Root Canals

Dentists today believe that the best teeth are your own, and they make sure you do not lose any of them. Successful root canal treatment lets you keep your tooth. The only other option is to have your tooth removed.

Keeping your tooth helps to prevent your other teeth from drifting out of line and causing jaw problems or gum disease. Saving a natural tooth avoids having to replace it with either a bridge or an implant.

What is Root Canal Treatment?

Also called endodontics, root canal treatment is the process of removing the infected, injured or dead pulp from a tooth.

Teeth are made up of three hard layers:

  1. Enamel
  2. Dentine
  3. Cementum

There is a space inside the hard layers of each tooth. It is called the root canal system and it is filled with soft dental pulp made up of nerves and blood vessels that help the tooth grow and develop.

Once a tooth is fully-grown, it can survive without a pulp. If the pulp of a tooth becomes infected, a root canal (or endodontic treatment) is needed. When this treatment is performed, the pulp is removed.
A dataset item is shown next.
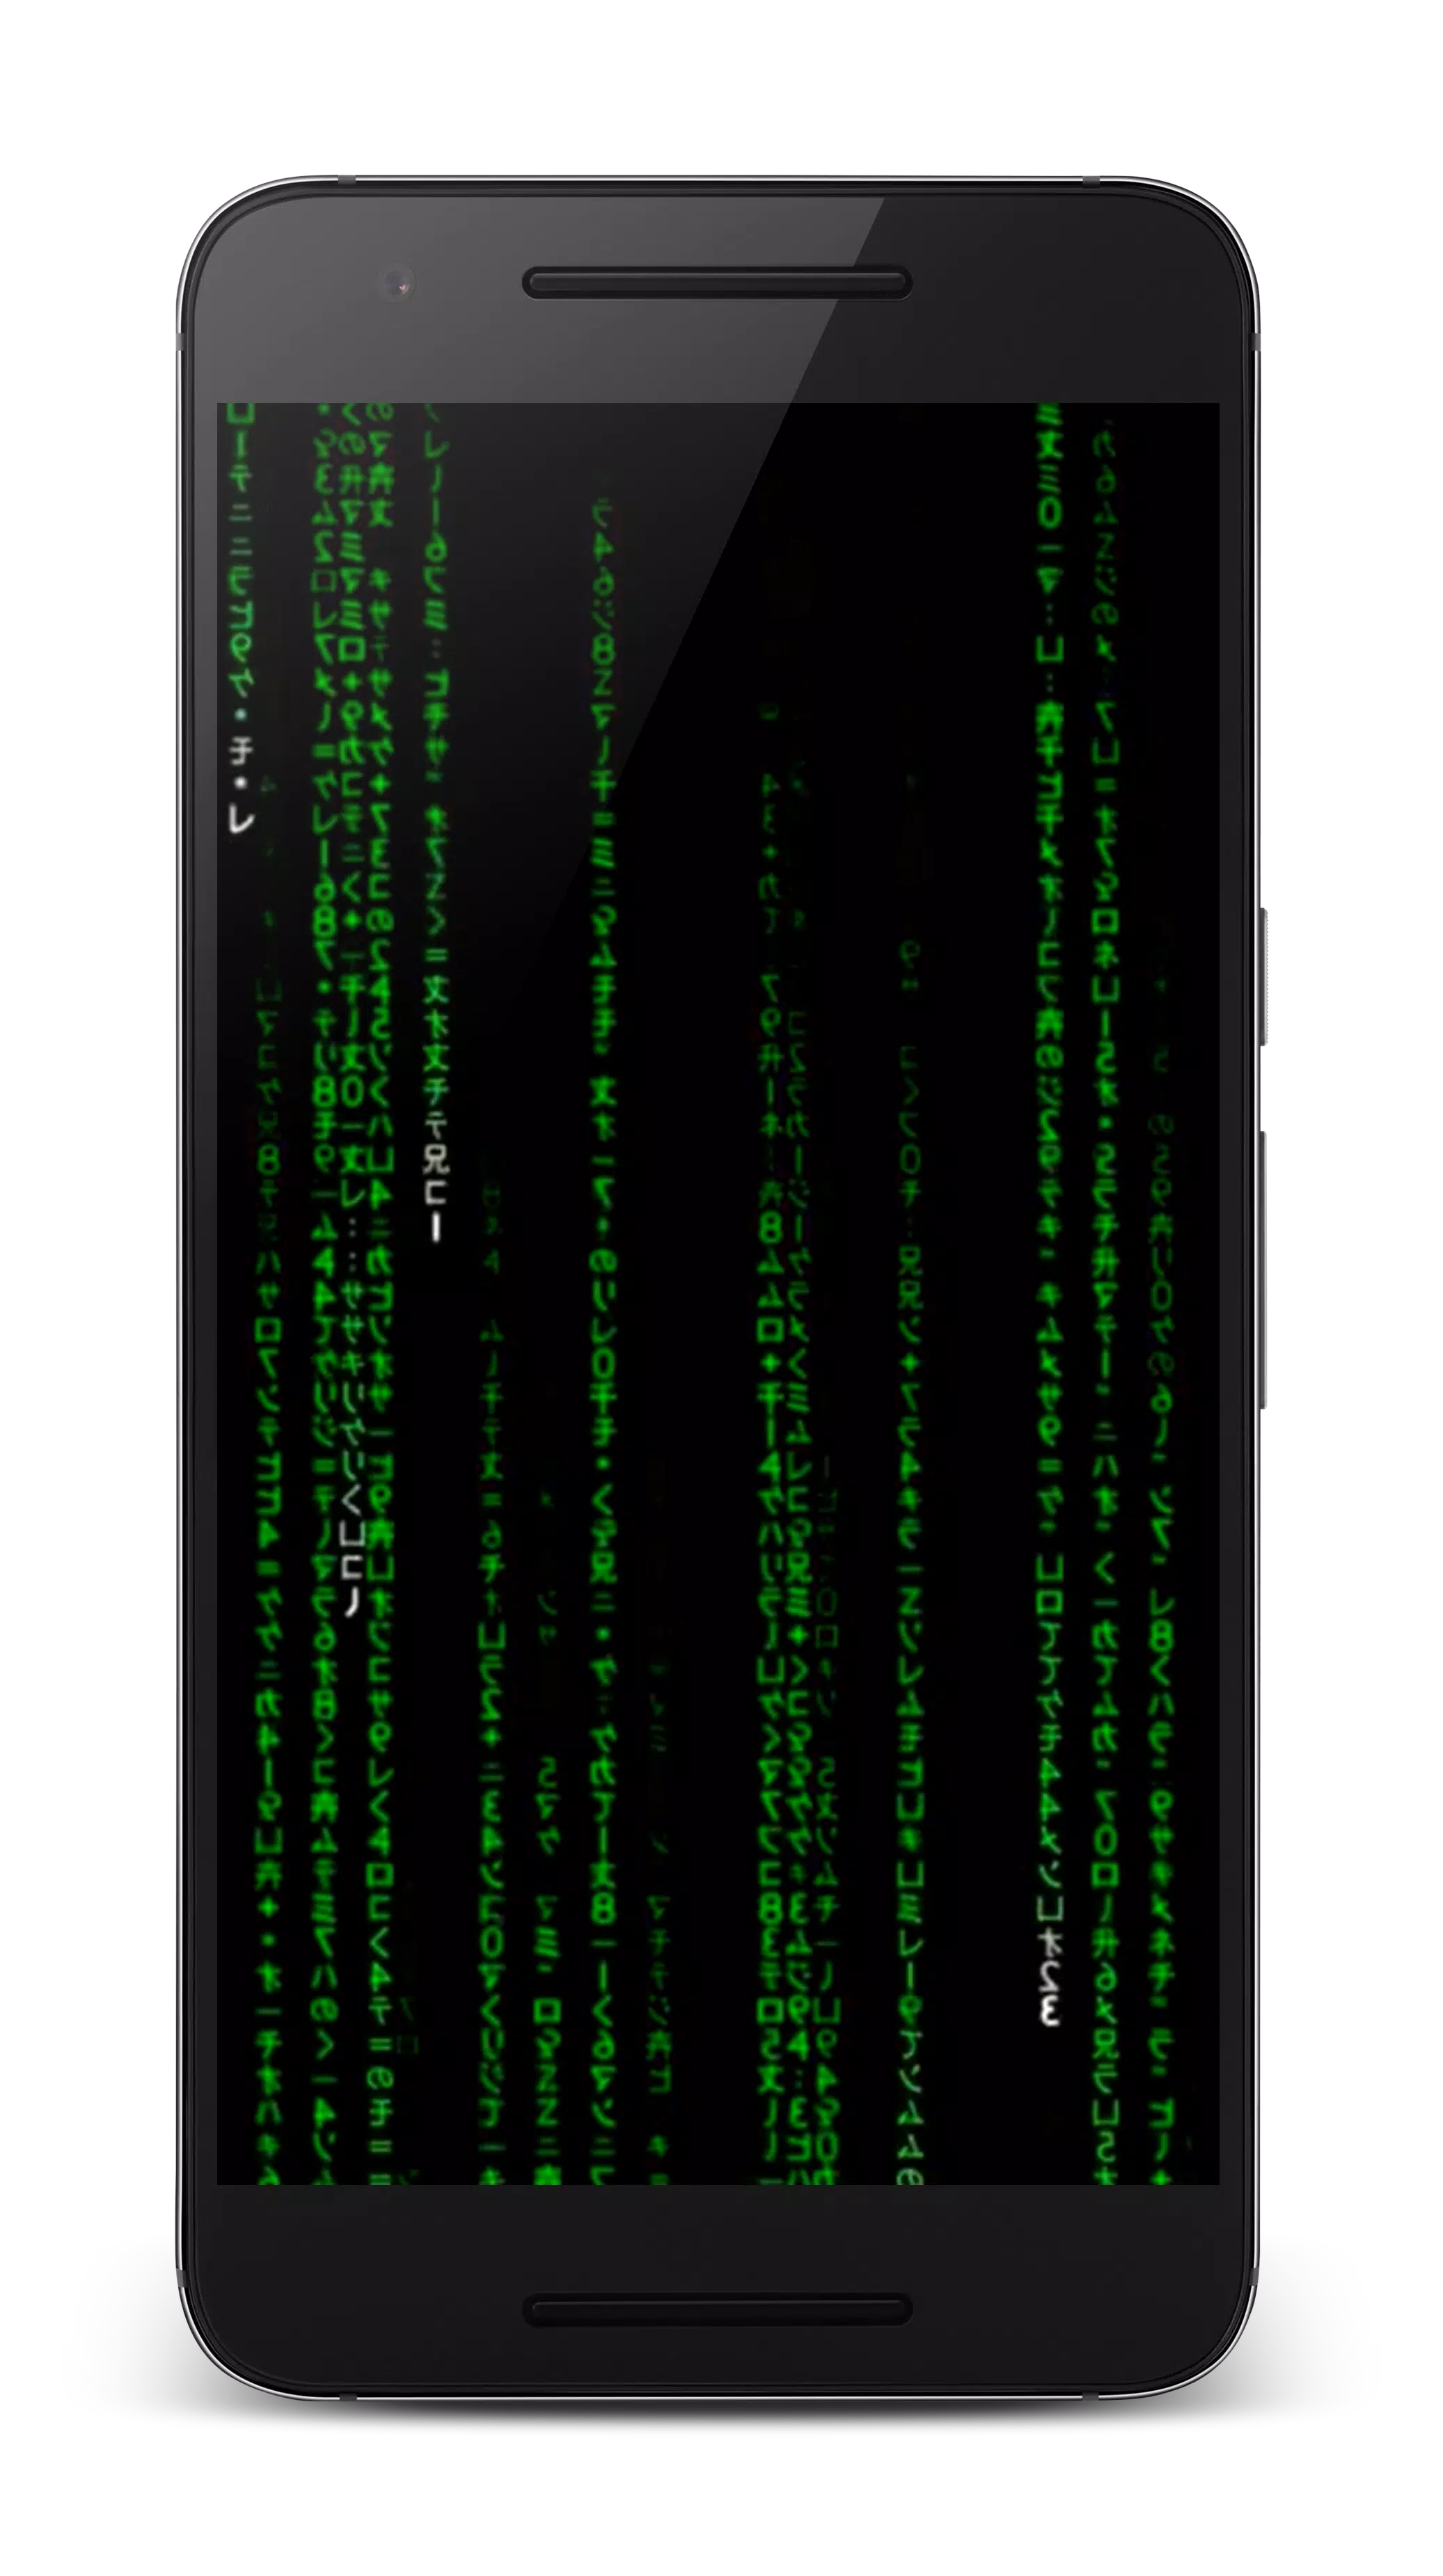 Matrix Live Wallpaper APK for Android Download

During your regular check-up, your dentist checks for infection and damage to teeth, even though you may not notice any signs of tooth trouble. If trouble is spotted and you need a root canal, your dentist may do it, or refer you to a dental specialist with at least two years of extra university training in this area. Root canal specialists are called endodontists.

If your child's baby (or primary) tooth is damaged, your dentist may refer you to a pediatric dentist. If you notice a problem with a tooth, do not wait until it hurts. Call your dentist as soon as you injure a tooth or notice a cavity or loose filling. If you get attention quickly, there is a better chance that damage can be prevented and the tooth saved.
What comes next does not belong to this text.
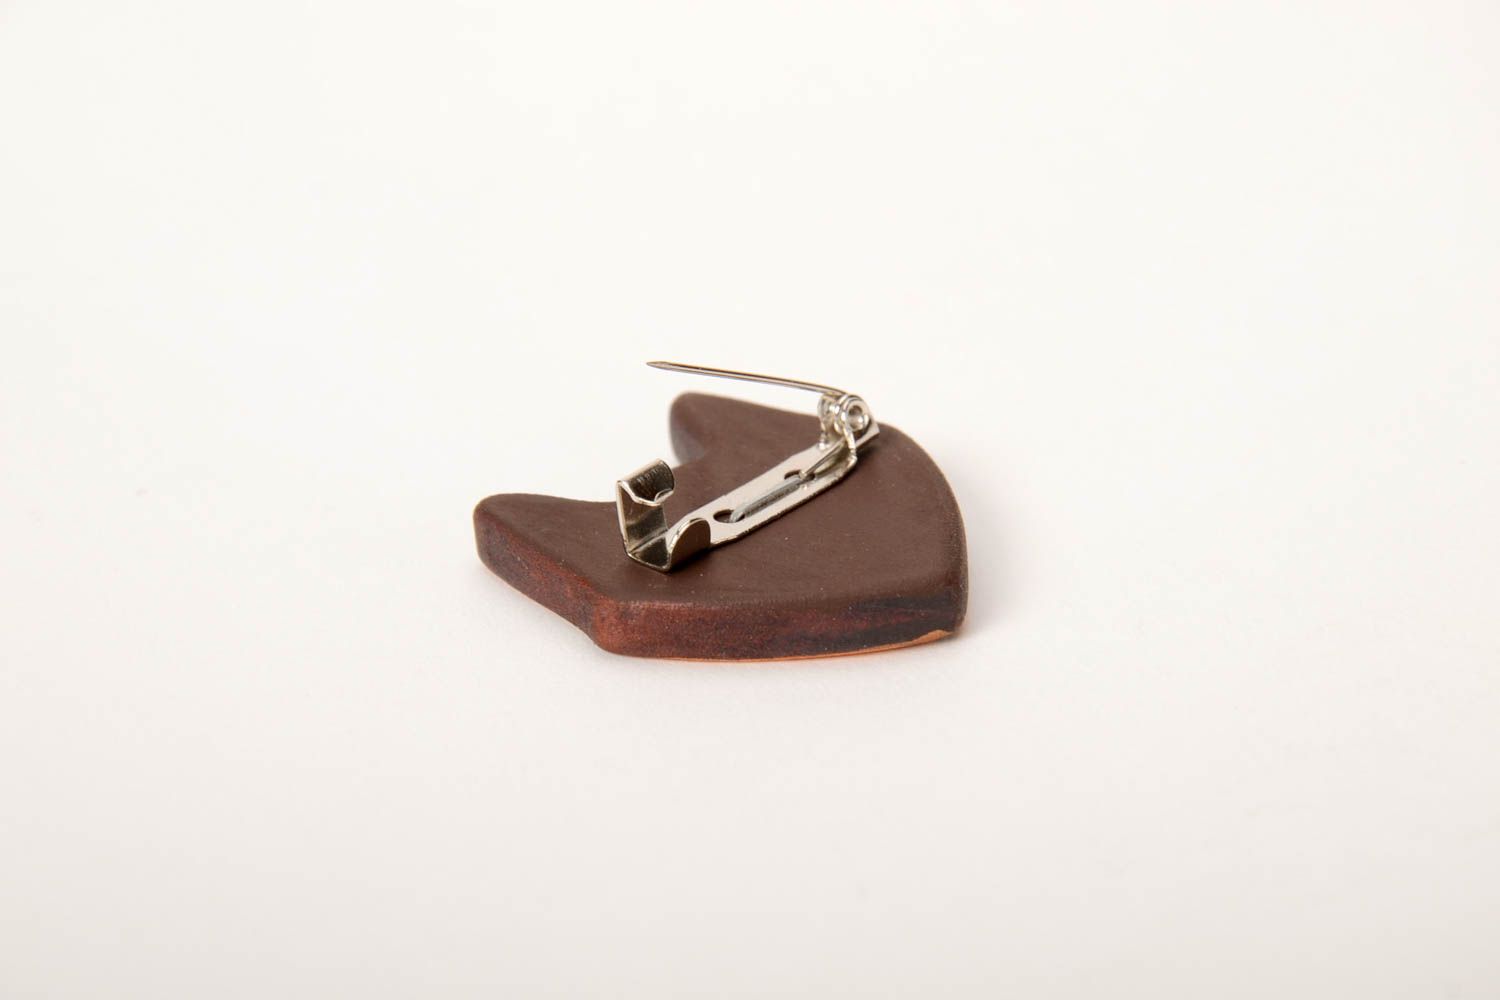 Handmade brooch designer jewelry unusual accessory wooden brooch gift ideas photo 3

When Root Canal Treatment is Needed?

The pulp inside a tooth can be damaged by cracks in the tooth, deep cavities or accidents. Germs (or bacteria) can get into the tooth and lead to infected tooth pulp. This situation may cause pain and/or swelling. Sometimes, the pulp becomes infected or dies, but does not cause any pain.

Your dentist may notice:

  • changes in the colour of the tooth,
  • changes in your gums, or
  • changes picked up by a dental x-ray.

Sometimes, if a great deal of dental work is needed, your dentist can tell from your exam and x-rays that the pulp of a tooth is not likely to survive. In all these cases, root canal treatment can ease or prevent symptoms, and save the tooth.

How it is done?

  • Step 1. A member of the dental team will place a rubber dam around the tooth. This dam protects the tooth from germs in your saliva while the work is being done.
  • Step 2. Your dentist or endodontist may give you "freezing" (or anesthetic). In some cases, anesthetic is not needed.
  • Step 3. Your dentist or endodontist will make a small opening in the tooth to reach the root canal system and the damaged pulp.
  • Step 4. Your dentist will take out the pulp by cleaning and enlarging the root canal system with very fine dental tools (or instruments).
  • Step 5. Then he or she will fill and seal the root canal with a rubber-like material (called guttapercha) after it has been cleaned.
  • Step 6 Your dentist or endodontist will seal the opening of the tooth with either a temporary or permanent filling.

Things to Consider:

Root canal treatment may be completed in one appointment, or it may take two or more visits. It depends on the complexity of the root canal system and on the degree of pulp damage. Sometimes, if the infection has spread from the tooth to the bone (or abscess), the infection may have to be drained before the root can be filled.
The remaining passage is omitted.